I gave a speech today on the UCLA campus.  I was not speaking to young students, but rather, to a group of about 30 or so professionals.  My topic was the Founding Fathers and afterwards a gentleman from that group approached me and asked me what I would consider to be some of the better biographies that touch on the Founders.

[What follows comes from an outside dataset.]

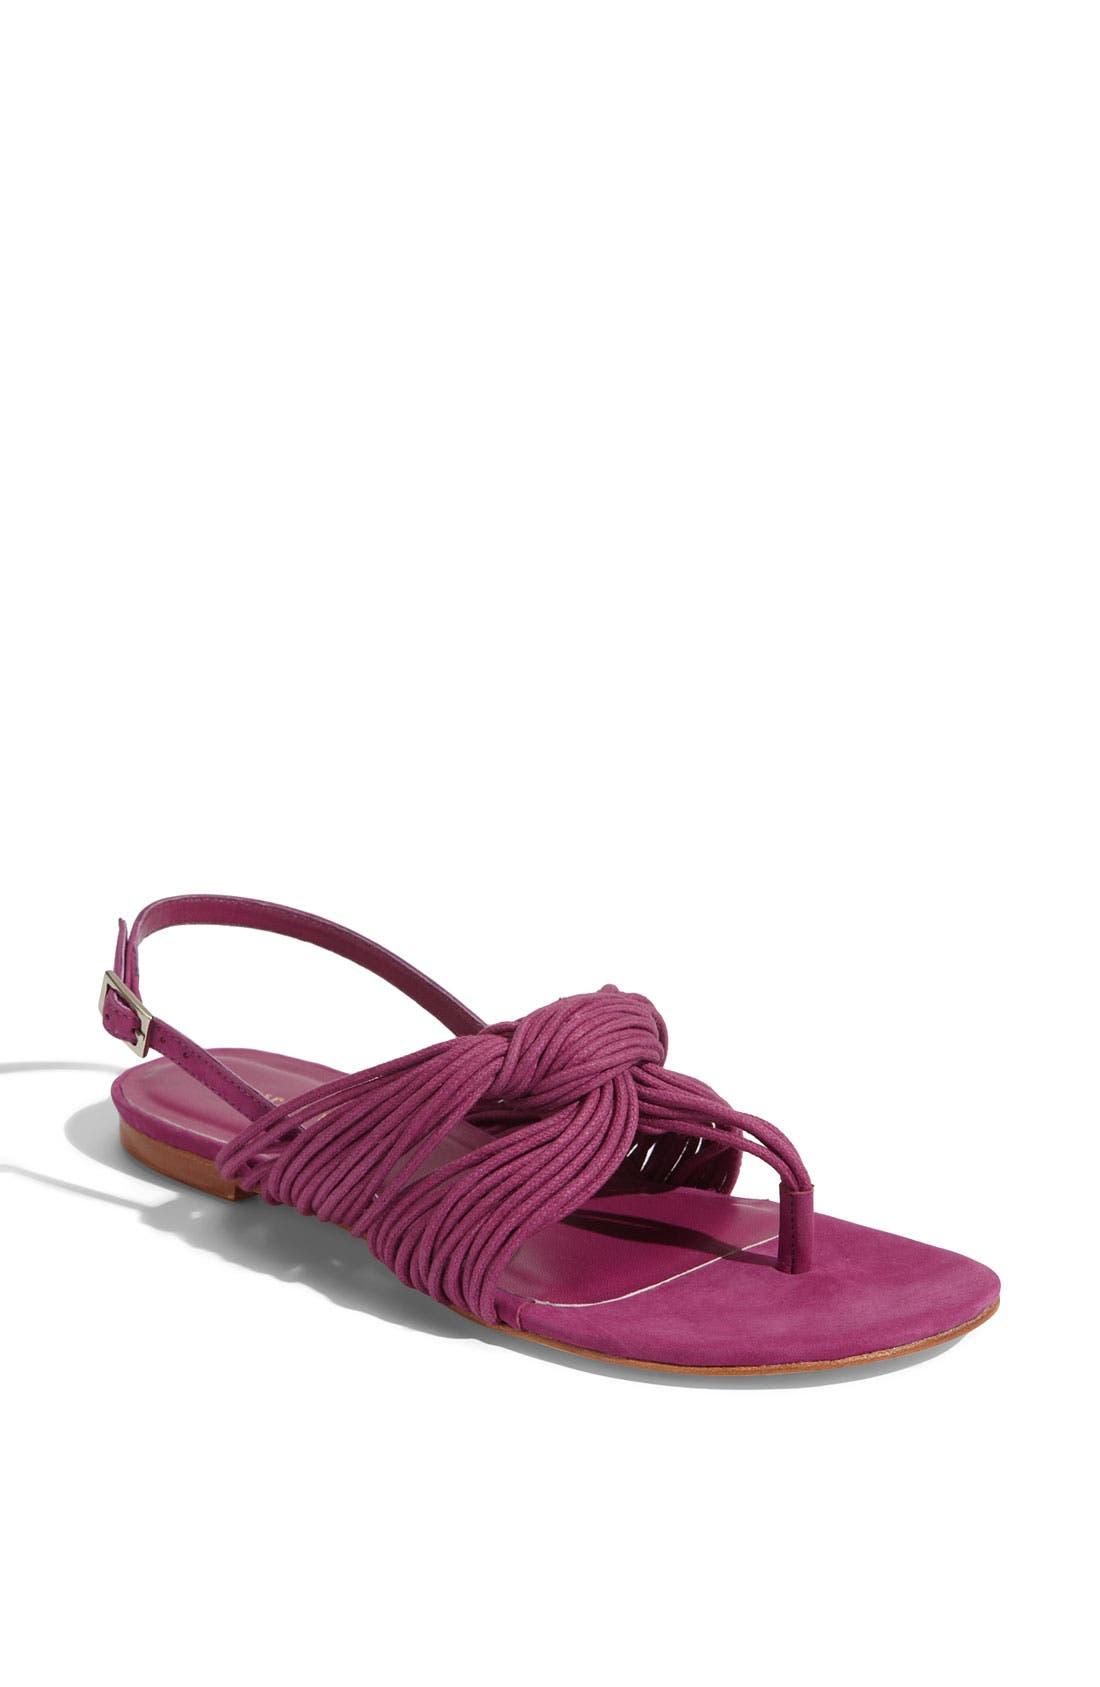 Main Image - Loeffler Randall 'Gioia' Sandal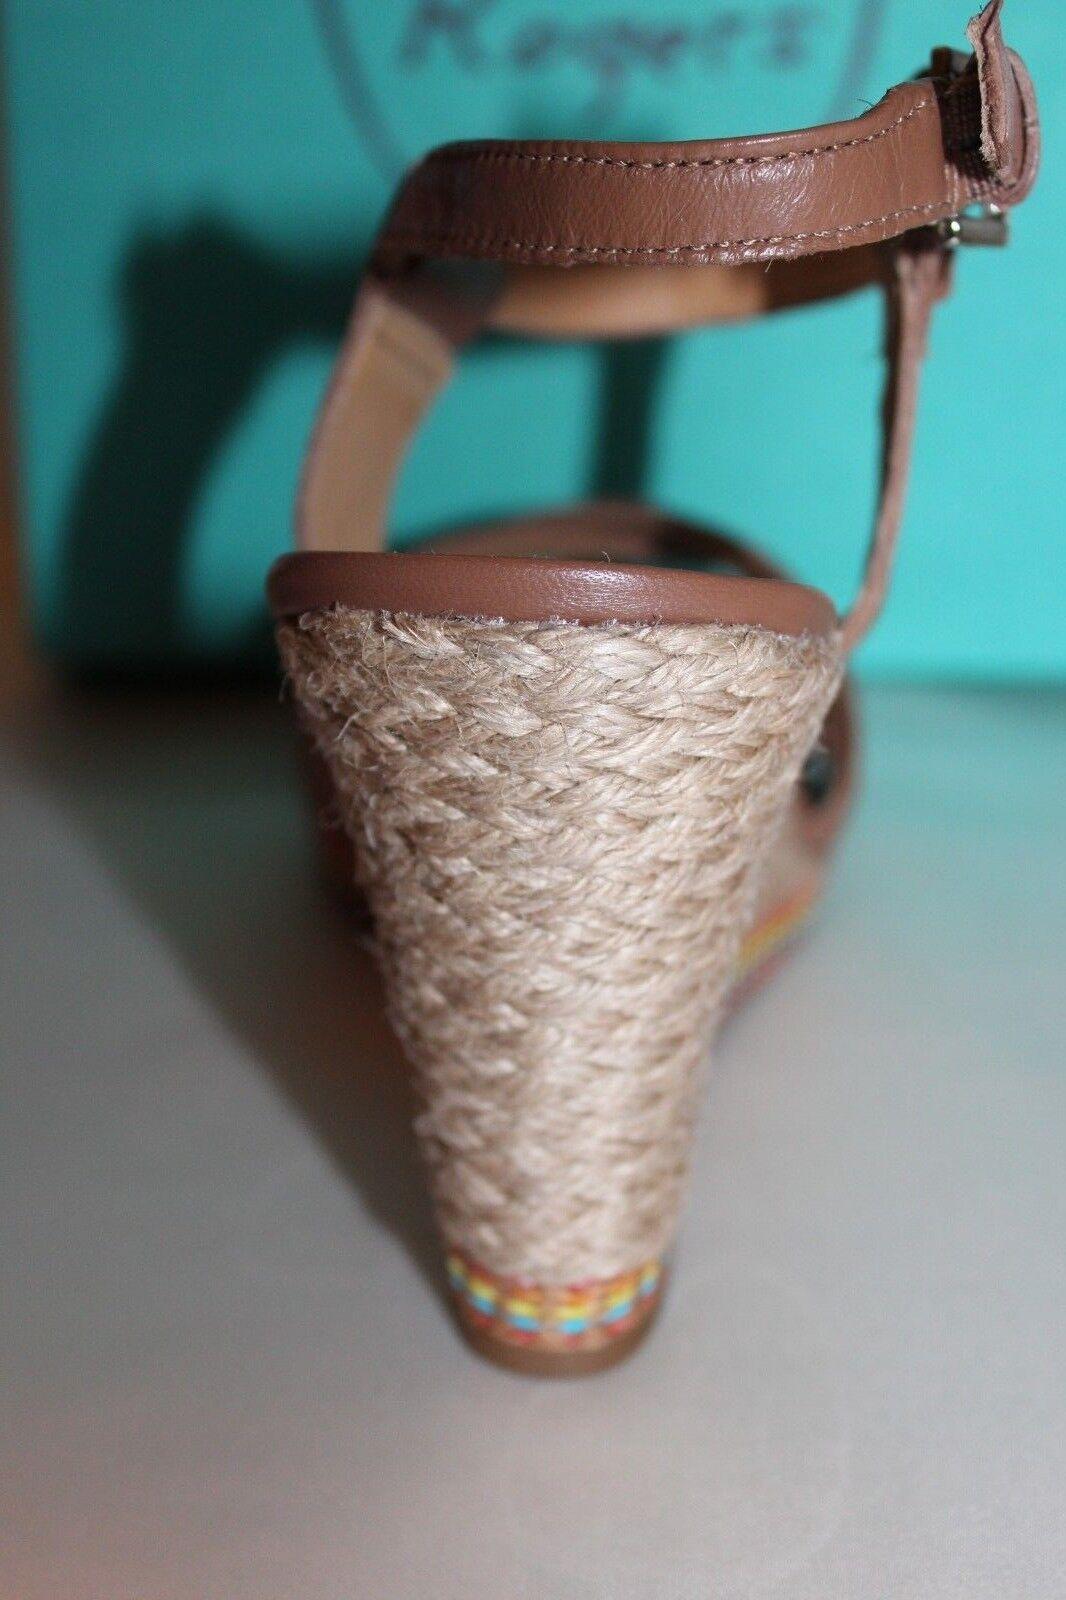 NEW  NIB NIB   JACK ROGERS Cognac Braun Leder ABBEY Jute Wedge Sandale Sz 10 188 e801a7

I’ve read quite a few the last several years, some fair, some not so engaging, but most reasonably good.  Here is a quick list of the better volumes for those of you who may be interested.

For Benjamin Franklin:

  • The Autobiography of Benjamin Franklin by Benjamin Franklin
  • Benjamin Franklin: An American Life by Walter Isaacson

For George Washington:

  • Washington: A Life by Ron Chernow
  • 1776 by David McCullough
  • His Excellency by Joseph J. Ellis
  • Washington’s Crossing by David Hackett Fischer
  • George Washington on Leadership by Richard Brookhiser
  • George Washington the First President by James MacGregor Burns & Susan Dunn

For John Adams:

  • John Adams by David McCullough
  • John Adams: A Life by John Ferling

For Thomas Jefferson:

  • Jefferson’s Demons by Michael Knox Beran
  • American Sphinx: The Character of Thomas Jefferson by Joseph J. Ellis

For James Madison:

  • James Madison: The Fourth President by Garry Wills
  • James Madison and the Making of America by Kevin Gutzman
  • James Madison by Sydney Howard Gay
  • James Madison and the Creation of the American Republic by Jack Rakove

For Alexander Hamilton:

  • Alexander Hamilton by Ron Chernow
  • Alexander Hamilton, American by Richard Brookhiser
  • Alexander Hamilton: A Life by Willard Sterne Randall

 That should keep everybody busy as it’s kept me for the past several years.